- Outfielder
- Born: February 24, 1990 (age 36) Dallas, Texas, U.S.
- Batted: RightThrew: Right

MLB debut
- June 4, 2016, for the Chicago White Sox

Last MLB appearance
- September 29, 2016, for the Chicago White Sox

MLB statistics
- Batting average: .200
- Home runs: 1
- Runs batted in: 4
- Stats at Baseball Reference

Teams
- Chicago White Sox (2016);

= Jason Coats =

American baseball player (born 1990)

Jason Leavell Coats (born February 24, 1990) is an American former professional baseball outfielder. He played in Major League Baseball (MLB) for the Chicago White Sox.

==Career==
===Amateur===
Coats played college baseball at Texas Christian University (TCU) for the TCU Horned Frogs. In 2010, he played collegiate summer baseball with the Bourne Braves of the Cape Cod Baseball League. After his junior year, he was drafted by the Baltimore Orioles in the 12th round of the 2011 Major League Baseball draft, but did not sign and returned to TCU for his senior year. His senior year came to an end after tearing his ACL during the final game of the regular season.

===Chicago White Sox===
Coats was drafted by the Chicago White Sox in the 29th round of the 2012 MLB draft. He made his professional debut in 2013 with the Kannapolis Intimidators. Coats played 2014 with the Winston-Salem Dash and Birmingham Barons, 2015 with Birmingham and the Charlotte Knights, and started 2016 with Charlotte.

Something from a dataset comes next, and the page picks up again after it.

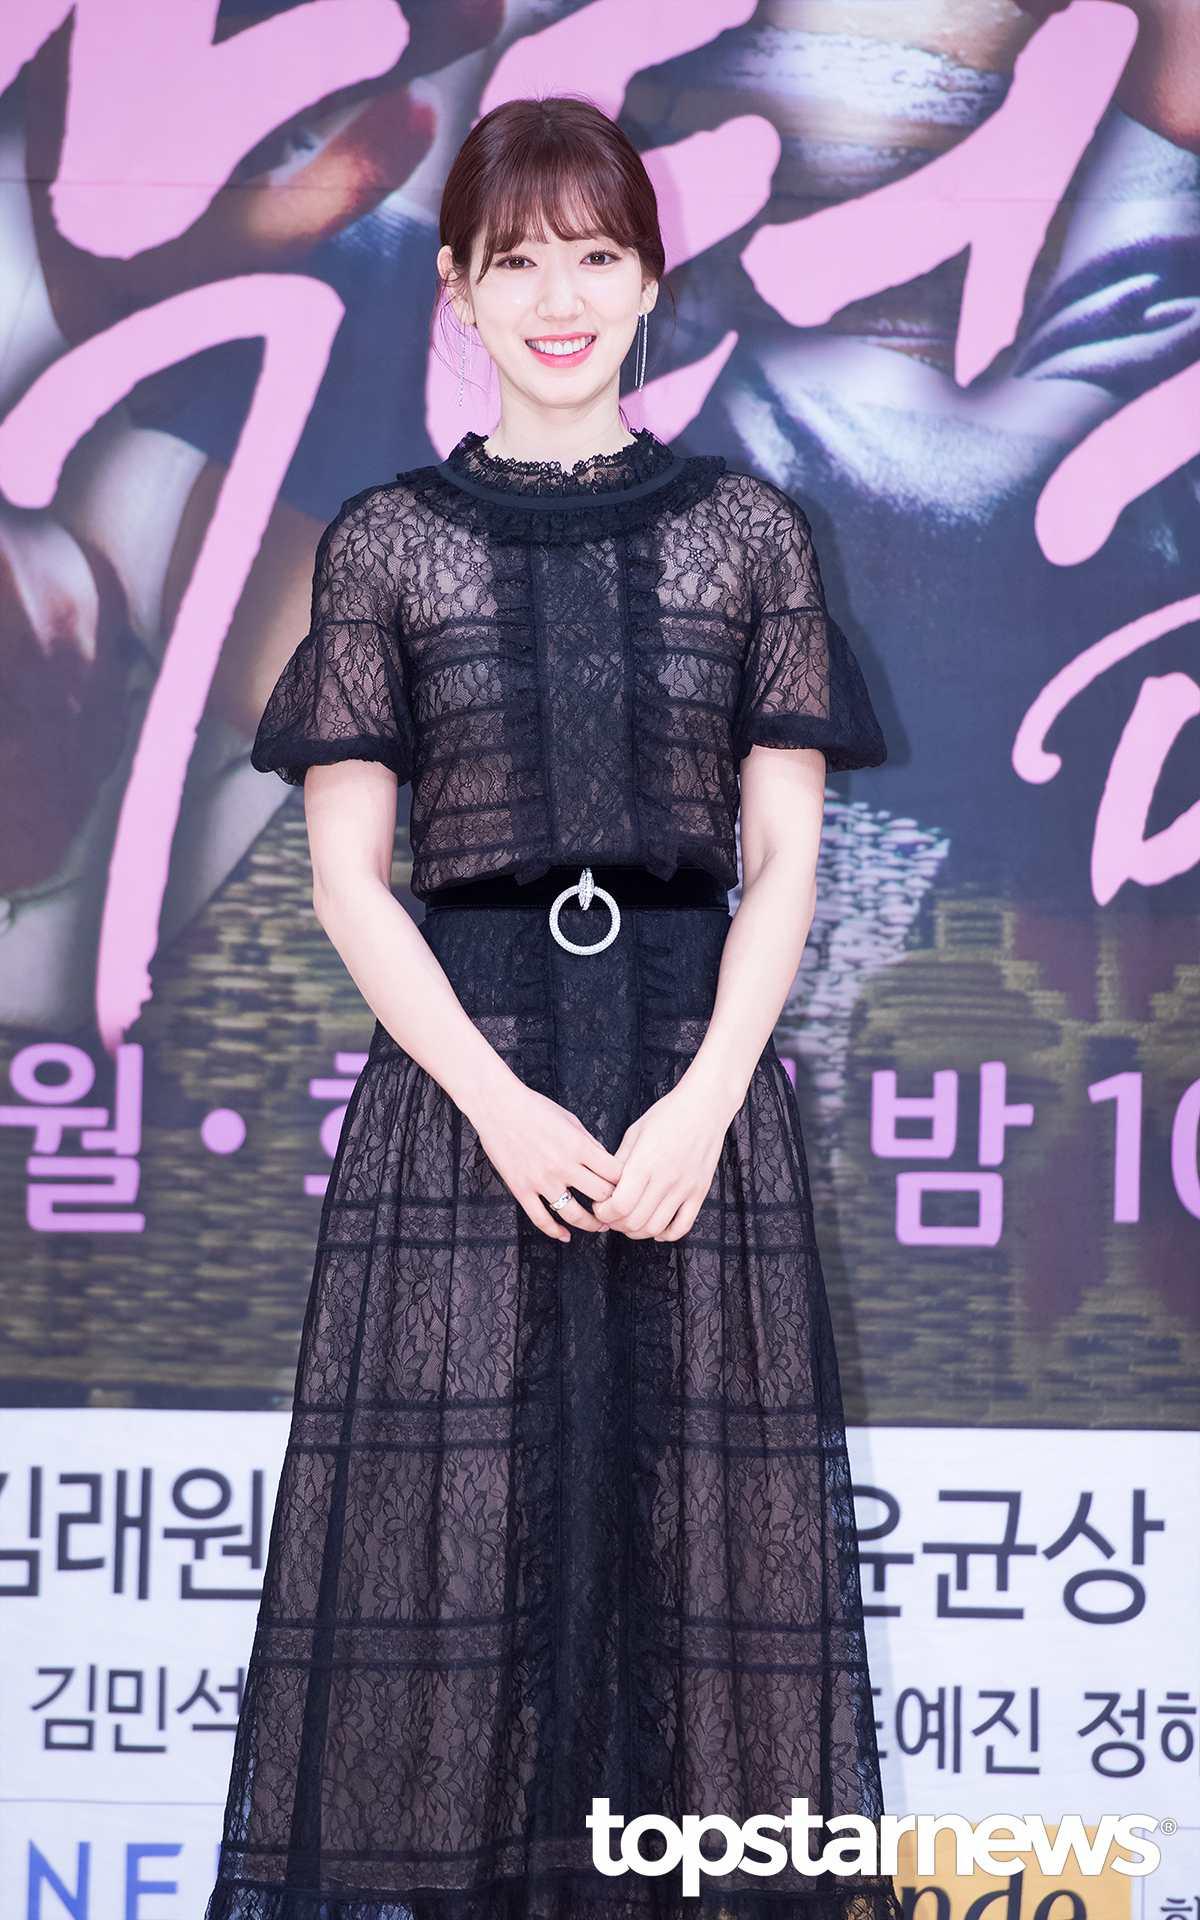 當天朴信惠穿的飄飄蕾絲裙感覺很符合朴信惠漸漸邁向輕熟女的形象,若隱若現的~
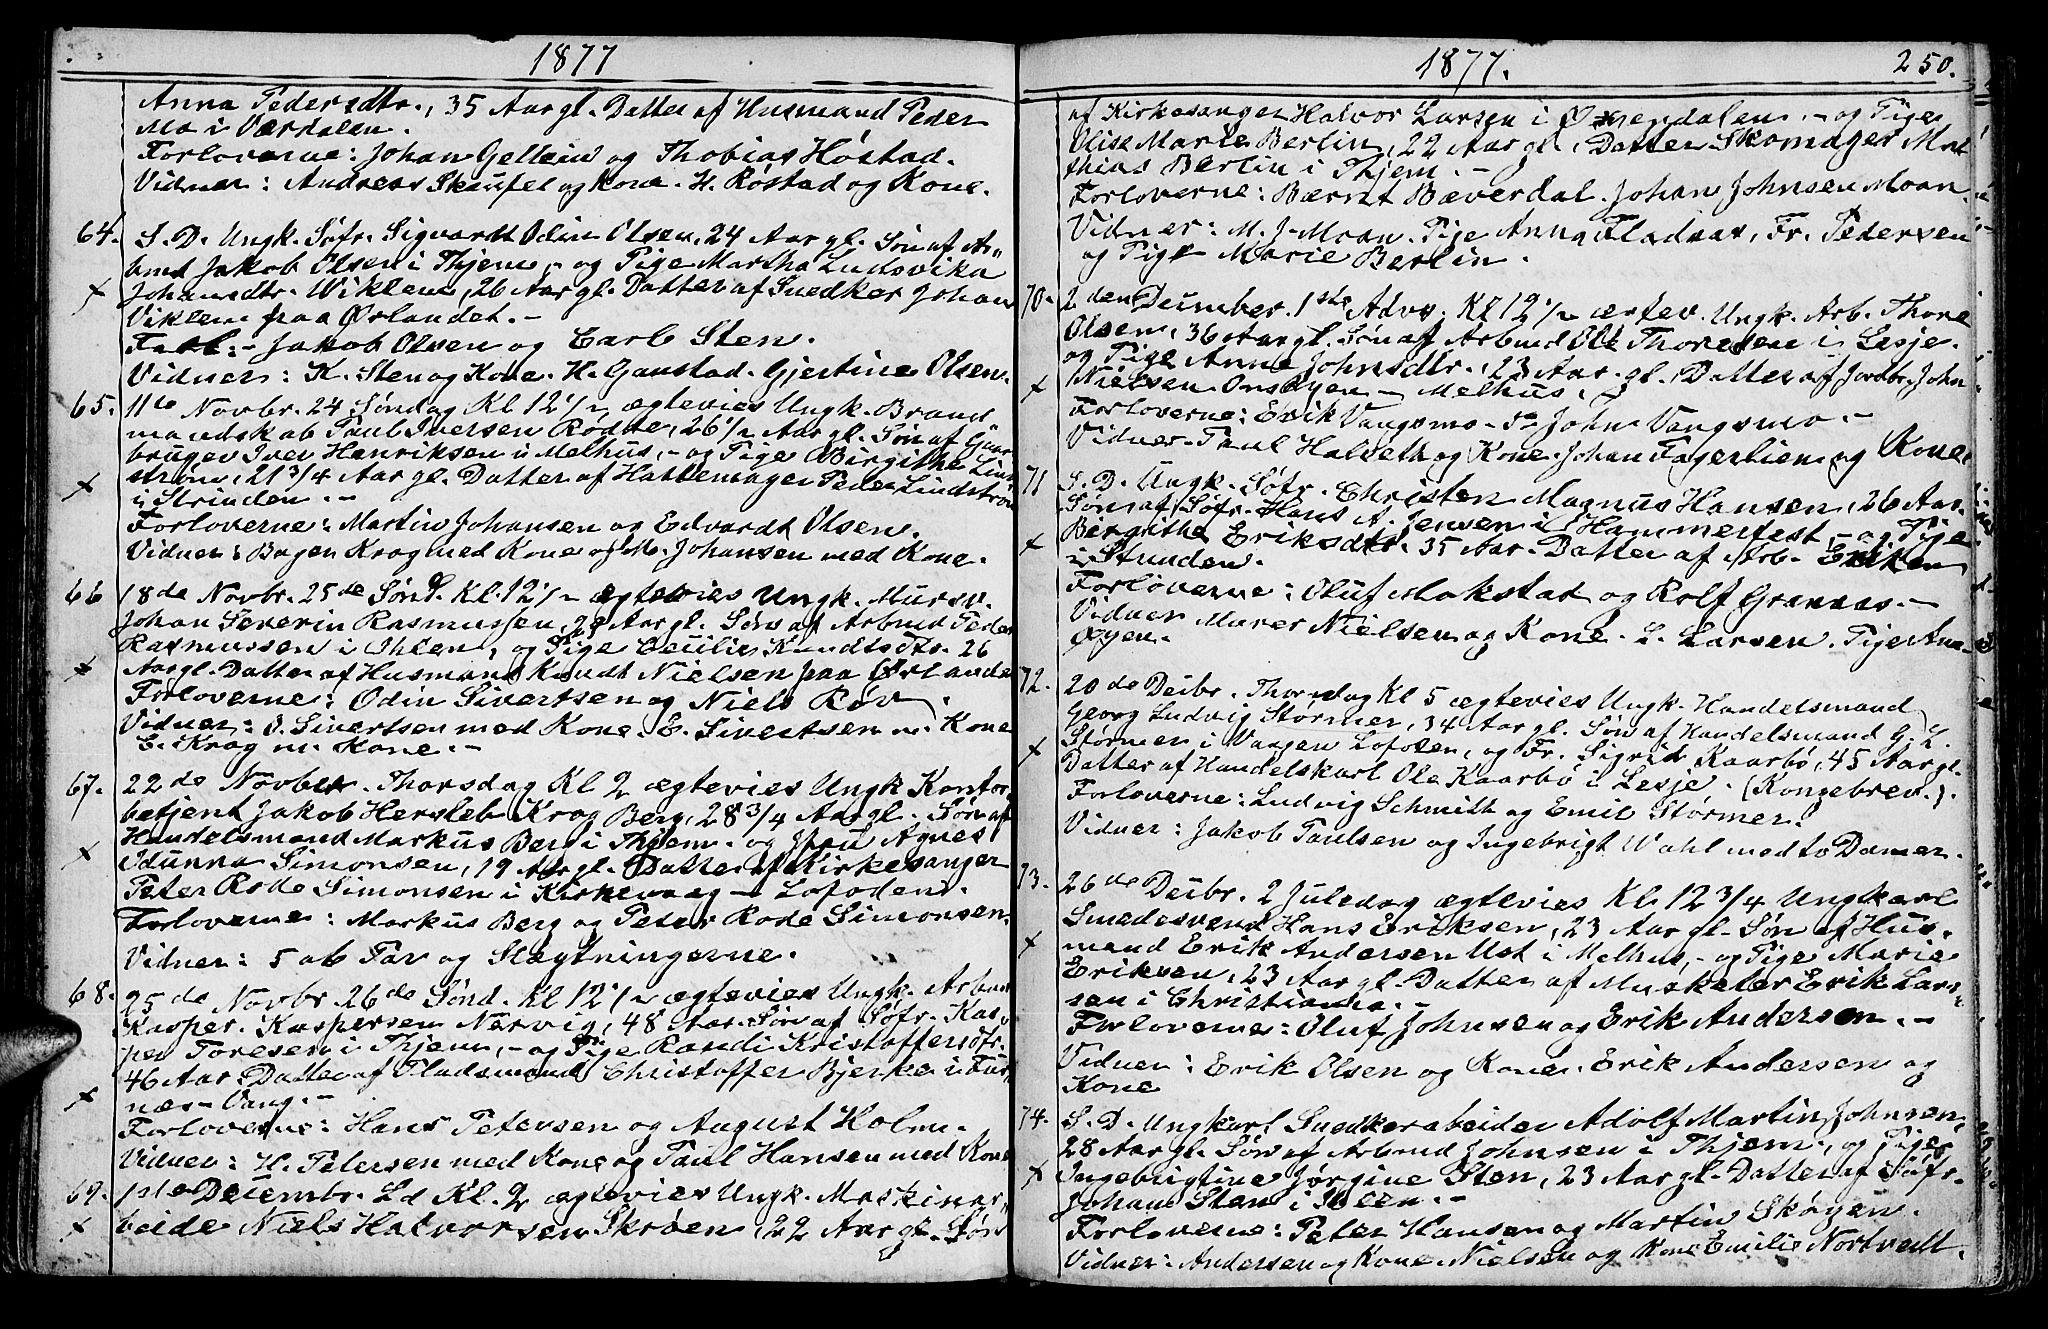 SAT, Ministerialprotokoller, klokkerbøker og fødselsregistre - Sør-Trøndelag, 602/L0142: Klokkerbok nr. 602C10, 1872-1894, s. 250

The White Sox promoted Coats to the major leagues on June 4, and put him in their starting lineup.

===Tampa Bay Rays===
Coats was claimed off waivers by the Tampa Bay Rays on January 11, 2017. Later that day, Coats tore his right ulnar collateral ligament. He was released on January 30. On March 13, Coats re–signed with the Rays on a minor league contract, but missed the entirety of the 2017 season as a result of his UCL injury.

Coats played in 108 games for the Triple-A Durham Bulls in 2018, batting .247/.293/.448 with 15 home runs and 60 RBI. He elected free agency following the season on November 2, 2018.

Coats later re-signed with the Rays on another minor league deal on February 6, 2019, that included an invitation to spring training. He was assigned to the Triple–A Durham Bulls to start the 2019 season. In 92 games for Durham, he slashed .250/.293/.461 with 18 home runs, 50 RBI, and six stolen bases. Coast elected free agency following the season on November 7.